According to ArtNews at one point during the protest inside the Temple of Dendur wing,

“Many people along the pool suddenly began to throw pill bottles into the water—there were scores of the little plastic containers—as others whipped out black banners, one reading “FUND REHAB,” the other “SHAME ON SACKLER.” Goldin, brandishing white type-written pages, spoke in short phrases, and the crowd echoed her as a human microphone. She said at one point,

In the name of the dead. Sackler family. Purdue Pharma. Hear our demands. Use your profits. Save our lives.

The group is calling for them to fund treatment programs and to take other steps to combat the opioid crisis. In the pamphlet, the group demands that “instead of continuing to wash their money in great institutions (like the Metropolitan Museum of Art) they donate their money to helping combat the opioid epidemic.” (Sackler family members have funded projects at Harvard, the Louvre, Tate Modern, and elsewhere, as the New Yorker and Esquire have reported in stories about Purdue’s development and marketing of OxyContin.)

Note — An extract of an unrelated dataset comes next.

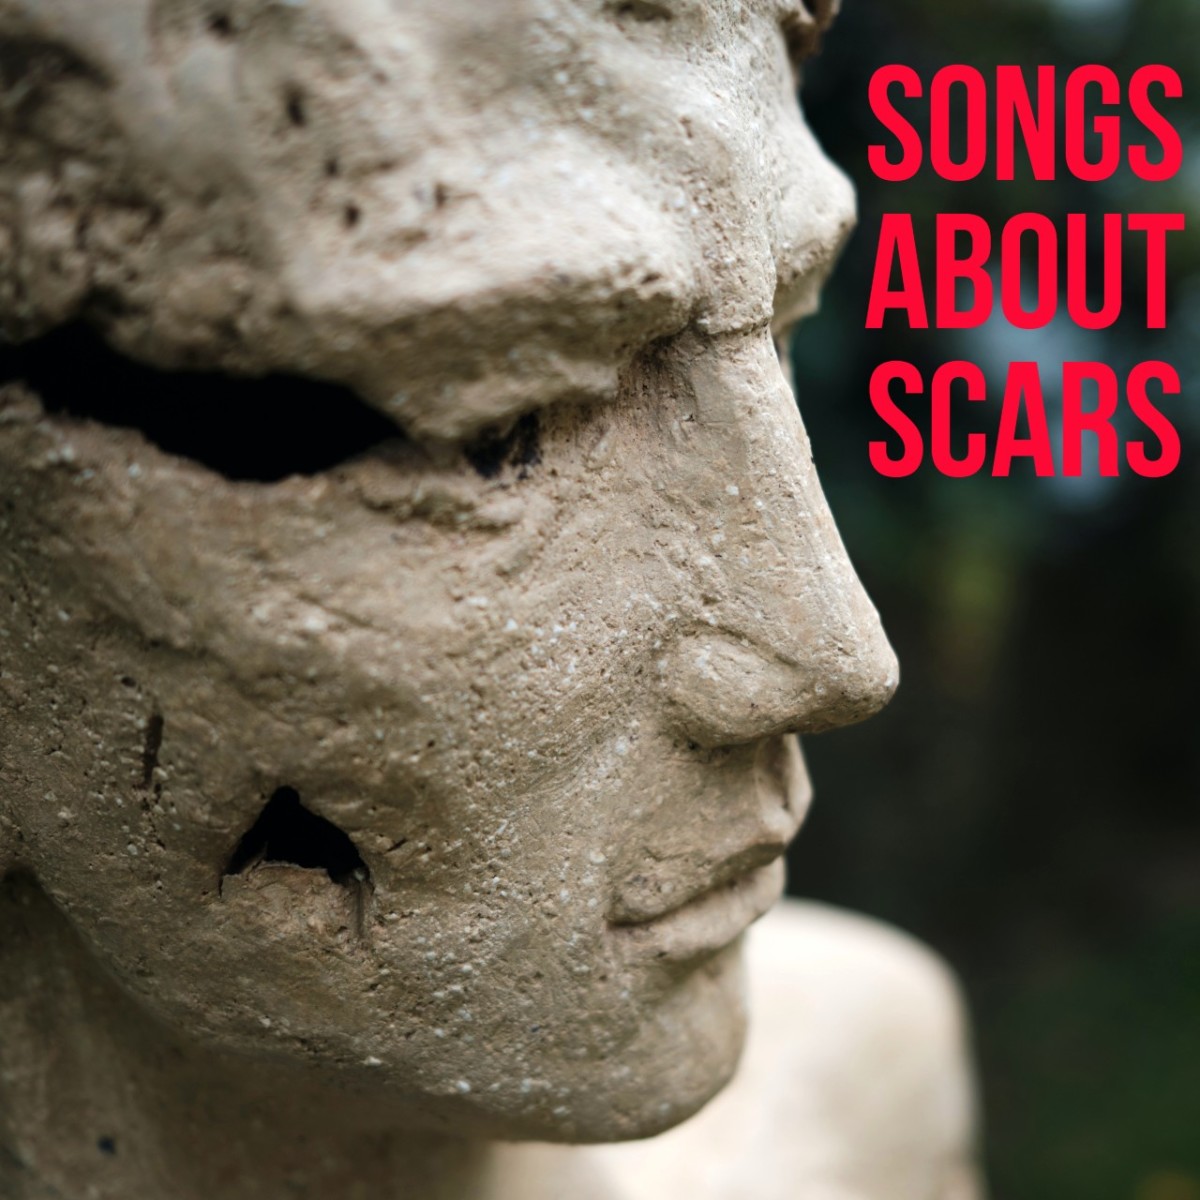 71 Songs About Scars and Wounds

The pamphlets contain statistics about the crisis, like

130 people die a day from opioid overdoses,’ ‘at least 200,000 people have died since 1999 from overdoses involving opioid painkillers,’ ‘$35 billion—Purdue profits from OxyContin, the nation’s bestselling painkiller.

It also includes a list of demands, among them that the Sackler Family and Purdue should invest 46 percent of their profits toward ending the epidemic, and that they should

advertise the dangers of their products as aggressively as they sell them to the public.‘”

In January Goldin published an essay and portfolio in Artforum where she talked about becoming addicted to opioids after being prescribed OxyContin following a surgery, and going clean only after two-and-a-half months in rehab. Goldin wrote,

The Sacklers made their fortune promoting addiction…the Sackler family and their private company, Purdue, built their empire with the lives of hundreds of thousands. The bodies are piling up. In 2015, in the U.S. alone, more than thirty-three thousand people died from opioid overdoses.

The Met’s Sackler Wing came about when Arthur M. Sackler was approached by the museum in 1973 about funding the expansion project. Elizabeth A. Sackler, daughter of Arthur, who died in 1987, supports Goldin’s cause, saying that, by the time Oxycontin was introduced in ’95, Authur’s Raymond and Mortimer were the main owners of Purdue, and that none of the philanthropy done by Arthur’s portion of the family has used money from the sale of Oxycontin. (The Met declined to comment on this.)

After the die-in concluded, the group marched out accompanied by guards, chanting all the way:

Sacklers lie, people die.

They made their way to the front steps where Goldin stood in front of a banner, held a pill bottle out in one hand, and continued her speech with the protesters gathered around her

We are just getting started! Read the facts! Read the stats! We’ll be back!